Mr. Y - - was growing altogether too excited, and the Takur dropped the subject, and talked of something else.

For my part, I also feel inclined to deviate once more from my subject, and give some necessary explanations.

Miss X - - excepted, none of our party had ever been numbered amongst the spiritualists, least of all Mr. Y - -. We Theosophists did not believe in the playfulness of departed souls, though we admitted the possibility of some mediumistic phenomena, while totally disagreeing with the spiritualists as to the cause and point of view. Refusing to believe in the interference, and even presence of the spirits, in the so-called spiritualistic phenomena, we nevertheless believe in the living spirit of man; we believe in the omnipotence of this spirit, and in its natural, though benumbed capacities.
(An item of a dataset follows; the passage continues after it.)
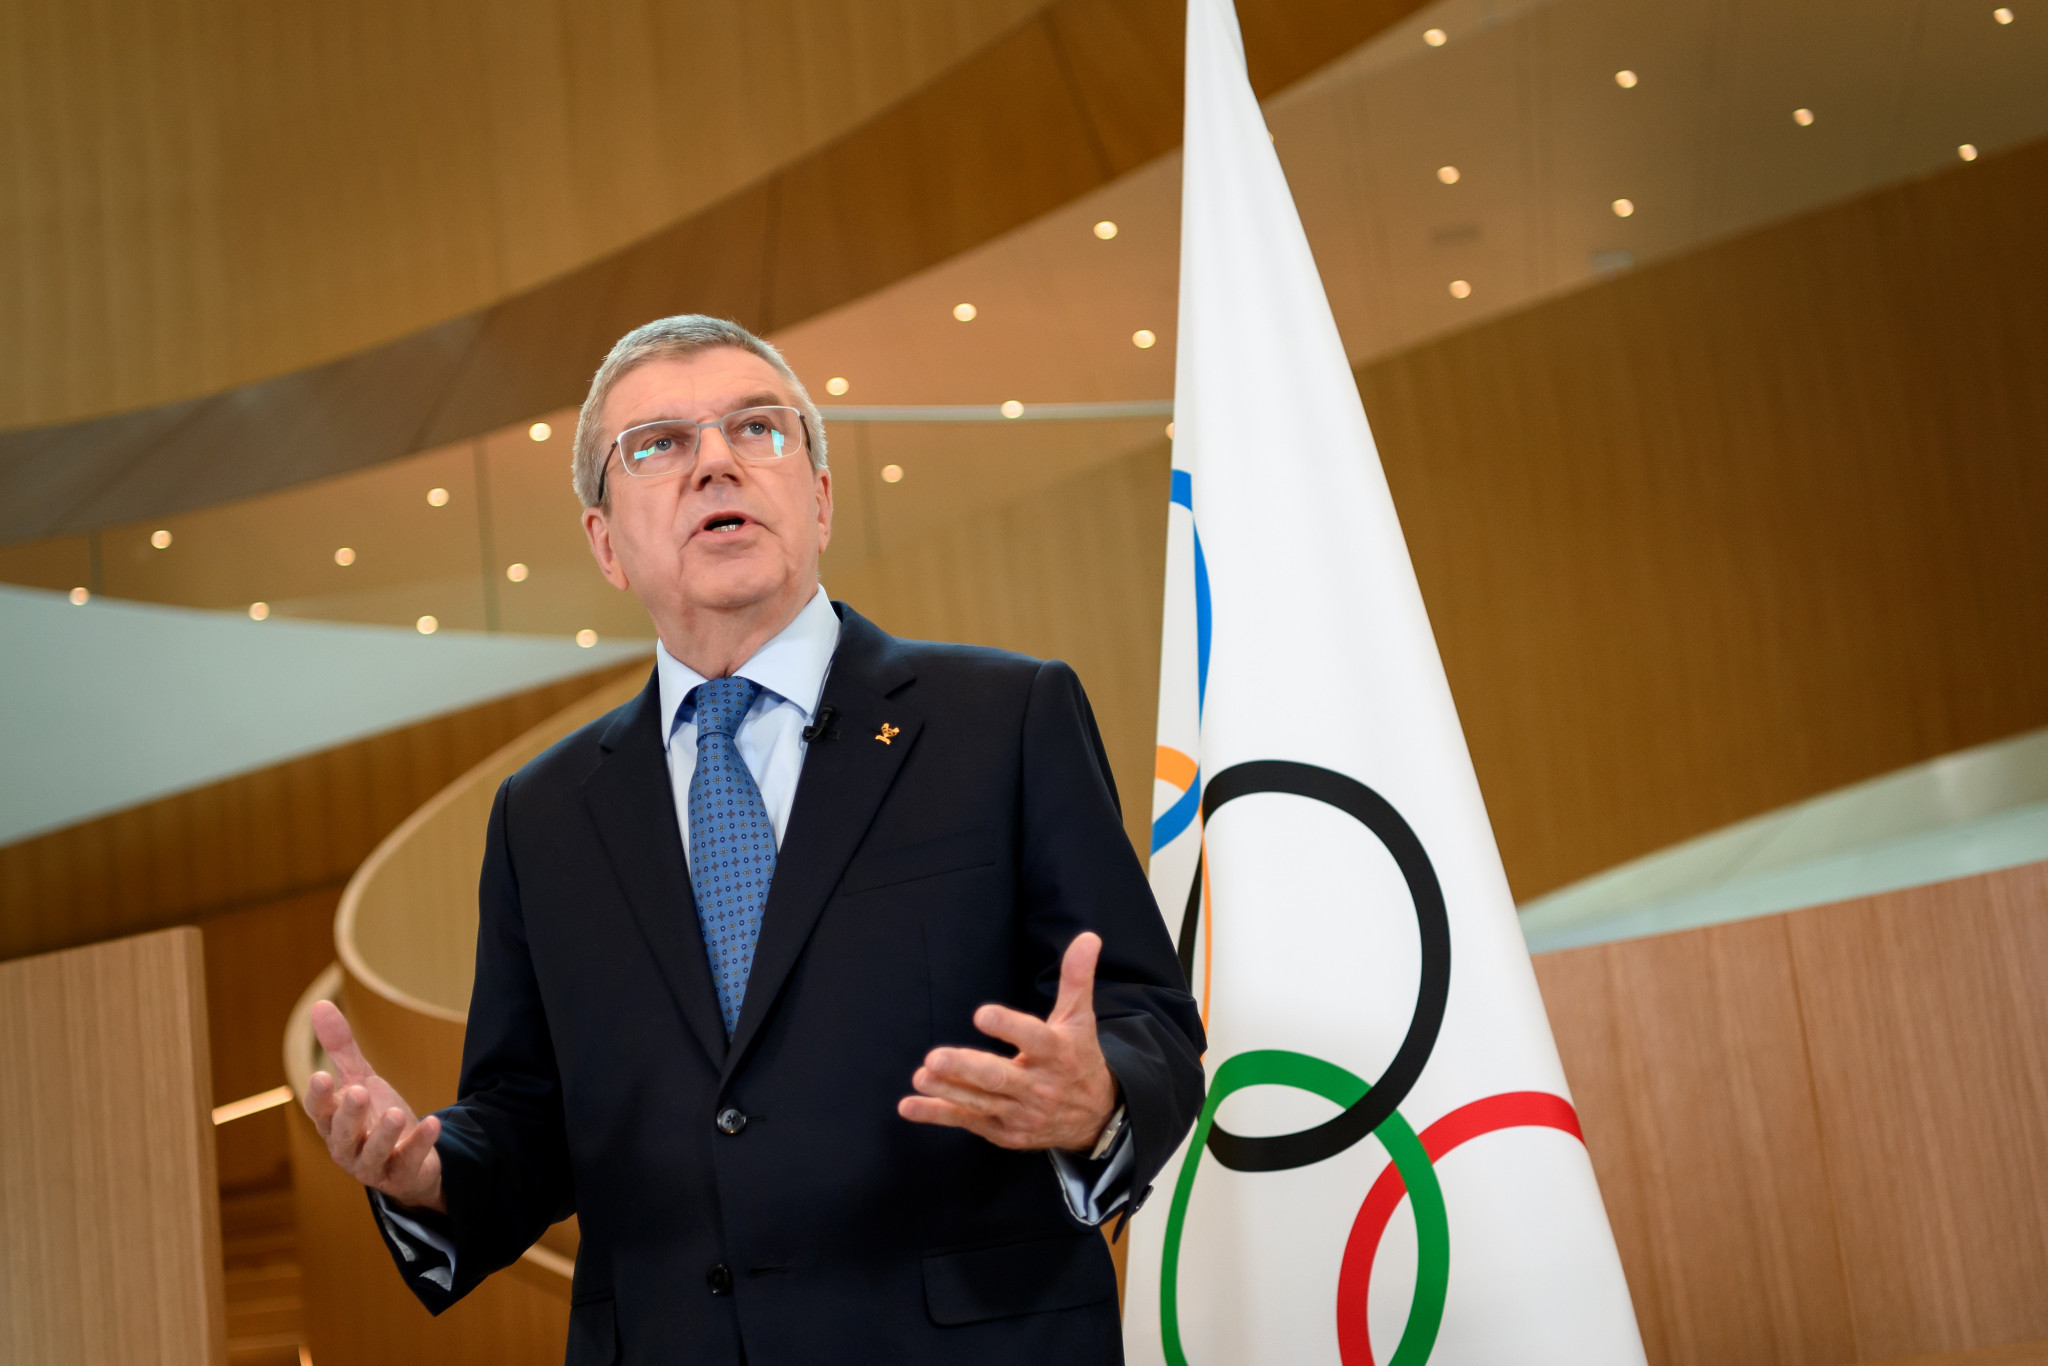 IOC President Thomas Bach called on the Olympic Movement to "look more closely into the proliferation of sports events" in an open letter on the coronavirus pandemic ©Getty Images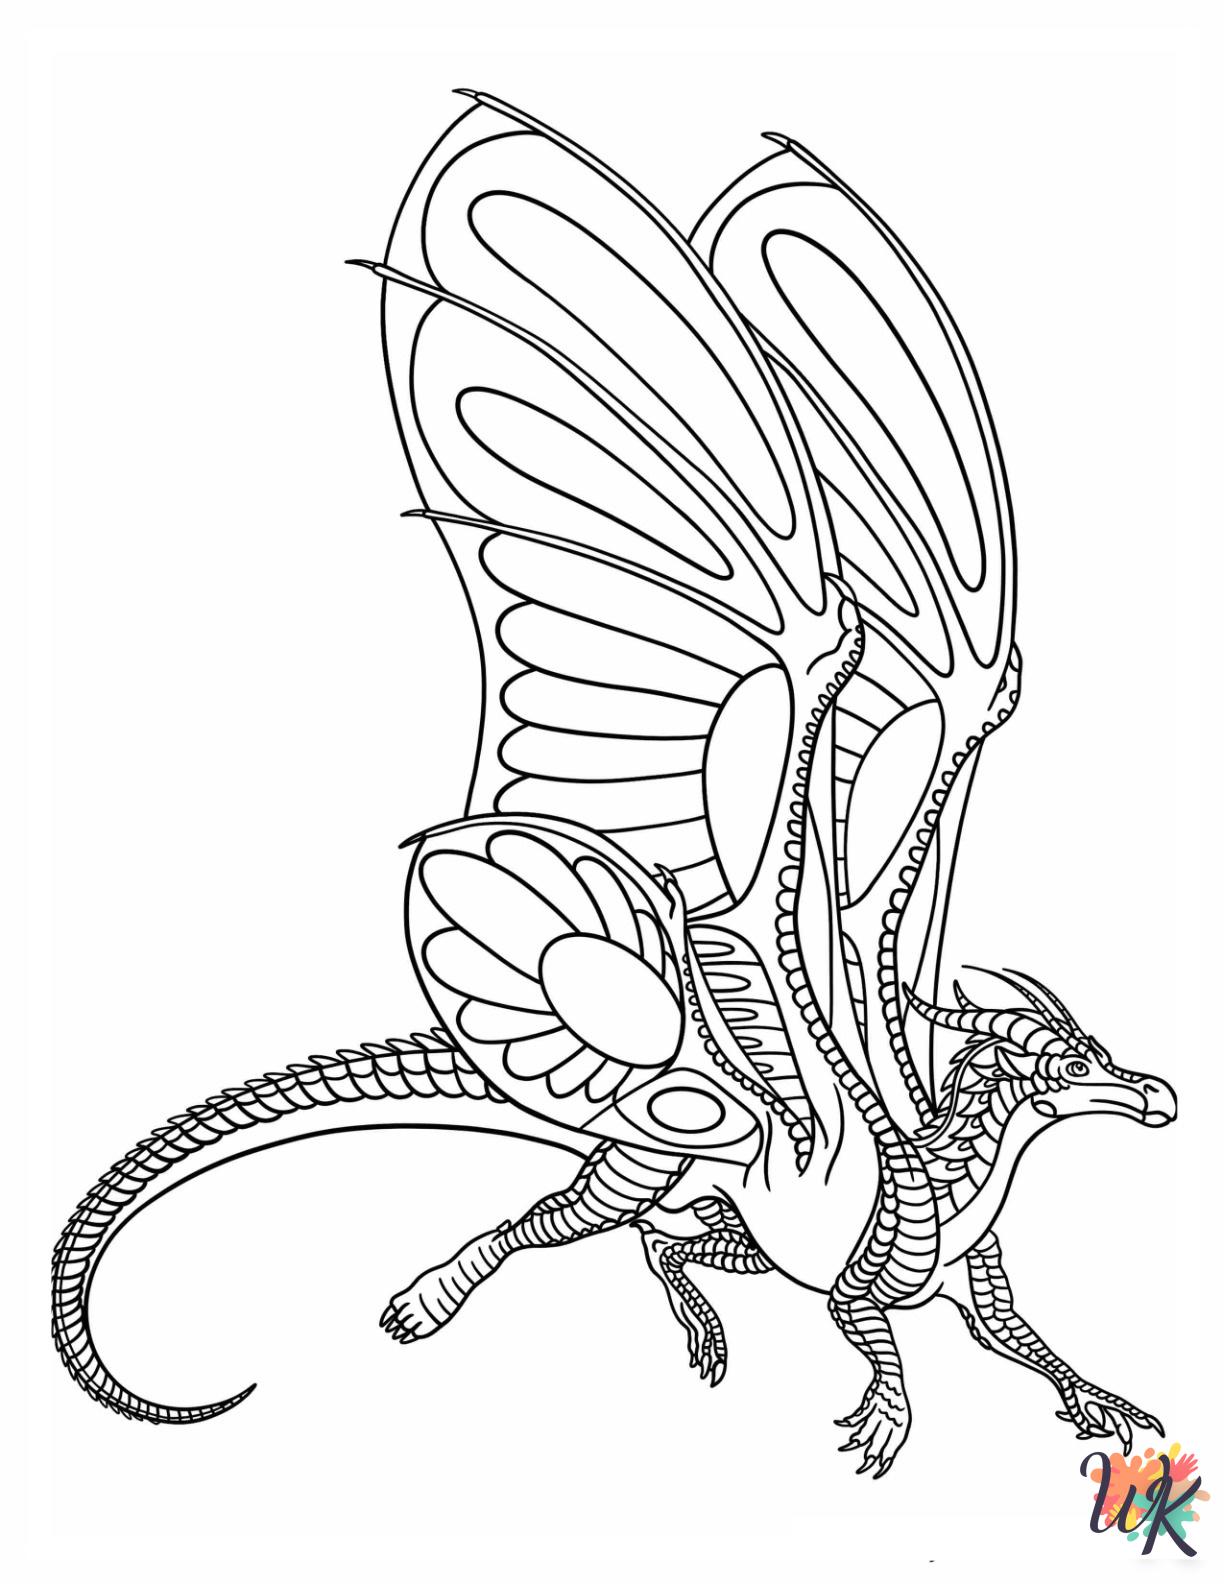 Wings Of Fire coloring pages easy

We also believe that, when incarnated, this spirit, this divine spark, may be apparently quenched, if it is not guarded, and if the life the man leads is unfavorable to its expansion, as it generally is; but, on the other hand, our conviction is that human beings can develop their potential spiritual powers; that, if they do, no phenomenon will be impossible for their liberated wills, and that they will perform what, in the eyes of the uninitiated, will be much more wondrous than the materialized forms of the spiritualists. If proper training can render the muscular strength ten times greater, as in the cases of renowned athletes, I do not see why proper training should fail in the case of moral capacities. We have also good grounds to believe that the secret of this proper training - though unknown to, and denied by, European physiologists and even psychologists - is known in some places in India, where its knowledge is hereditary, and entrusted to few.

Mr. Y - - was a novice in our Society and looked with distrust even on such phenomena as can be pro-duced by mesmerism. He had been trained in the Royal Institute of British Architects, which he left with a gold medal, and with a fund of scepticism that caused him to distrust everything, en dehors des mathematiques pures. So that no wonder he lost his temper when people tried to convince him that there existed things which he was inclined to treat as "mere bosh and fables."

Now I return to my narrative.

The Babu and Mulji left us to help the servants to transport our luggage to the ferry boat.